Ms Greening will visit the academy, as well as the site of a 92-bed treatment facility in Kerry Town, which is in the final stages of being constructed, for about two days.

Before embarking on the six-hour flight on the Boeing 737-600, Ms Greening said: “Halting the disease in West Africa is the most effective way of preventing Ebola infecting people here in the UK.

“That is why we are providing 700 treatment beds in Sierra Leone, sending vital supplies such as chlorine and protective clothing and training hundreds of health workers.

“I look forward to seeing for myself how British Army medics and engineers, as well as our humanitarian and health workers, are spearheading the UK’s efforts to contain and ultimately defeat Ebola.”

The UK is sending 750 military personnel, including the Navy’s RFA Argus.

Mark Goldring, chief executive of Cowley-based charity Oxfam, has called for more troops, funding and medical staff to be made available to combat Ebola.

Mr Goldring said there was a window of less than two months available to curb the spread of the deadly virus and there remained a “crippling shortfall” in military personnel to provide logistical support across West Africa.

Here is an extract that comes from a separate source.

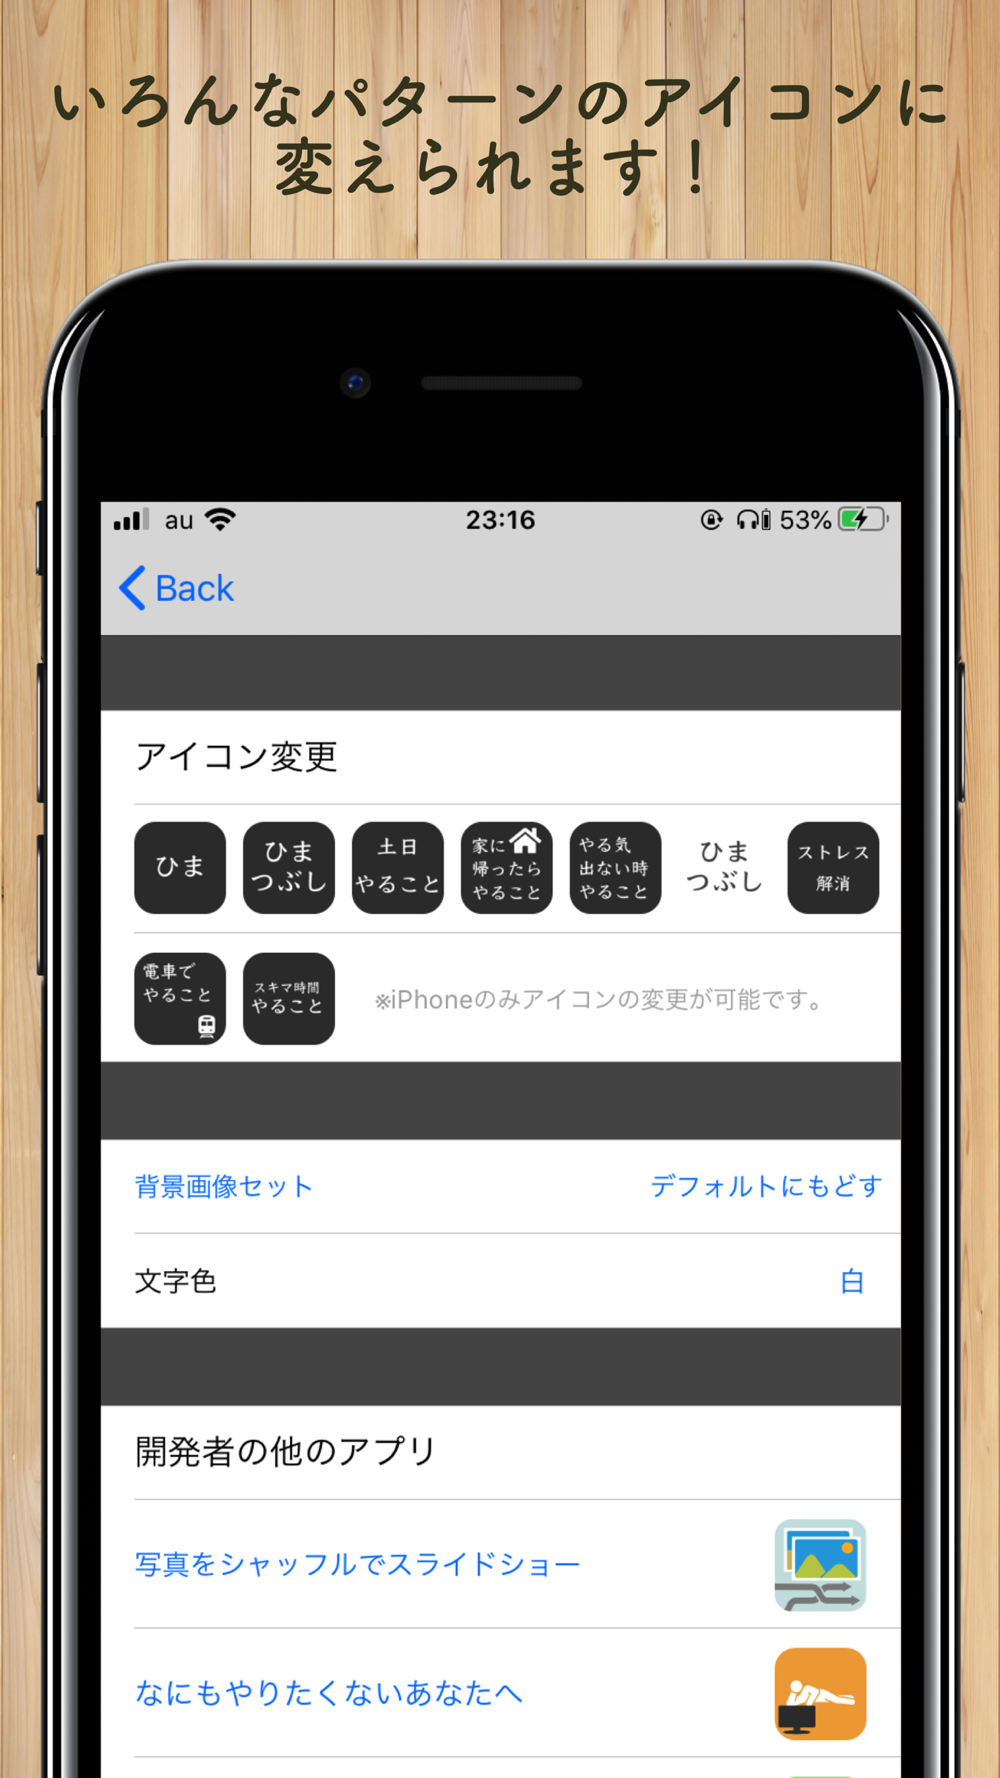 暇なときやることリスト Free Download App For Iphone Steprimo Com

He added: “We are in the eye of a storm. We cannot allow Ebola to immobilise us in fear, but instead we must move towards a common mission to stop it from getting worse.

“Countries that have failed to commit troops, doctors and enough funding are in danger of costing lives.”

Yesterday the European Commission announced its intention to mobilise funds from the Horizon 2020 research fund for clinical trials for a vaccine like one at the Jenner Institute at Headington’s Churchill Hospital.

The commission is working with the World Health Organisation and the European Medicines agency to define the most useful research to spend funds on.

Last month mum-of-two Ruth Atkins, from Marcham, near Abingdon, became the first person in the world to be injected with an Ebola gene as part of the battle against the deadly virus. She was one of 60 people who will be given a trial vaccine for the virus at Churchill Hospital’s Centre for Clinical Vaccinology and Tropical Medicine.

The latest epidemic has killed about 4,500 people, prompting what the United Nations has called a “health crisis unparalleled in modern times”.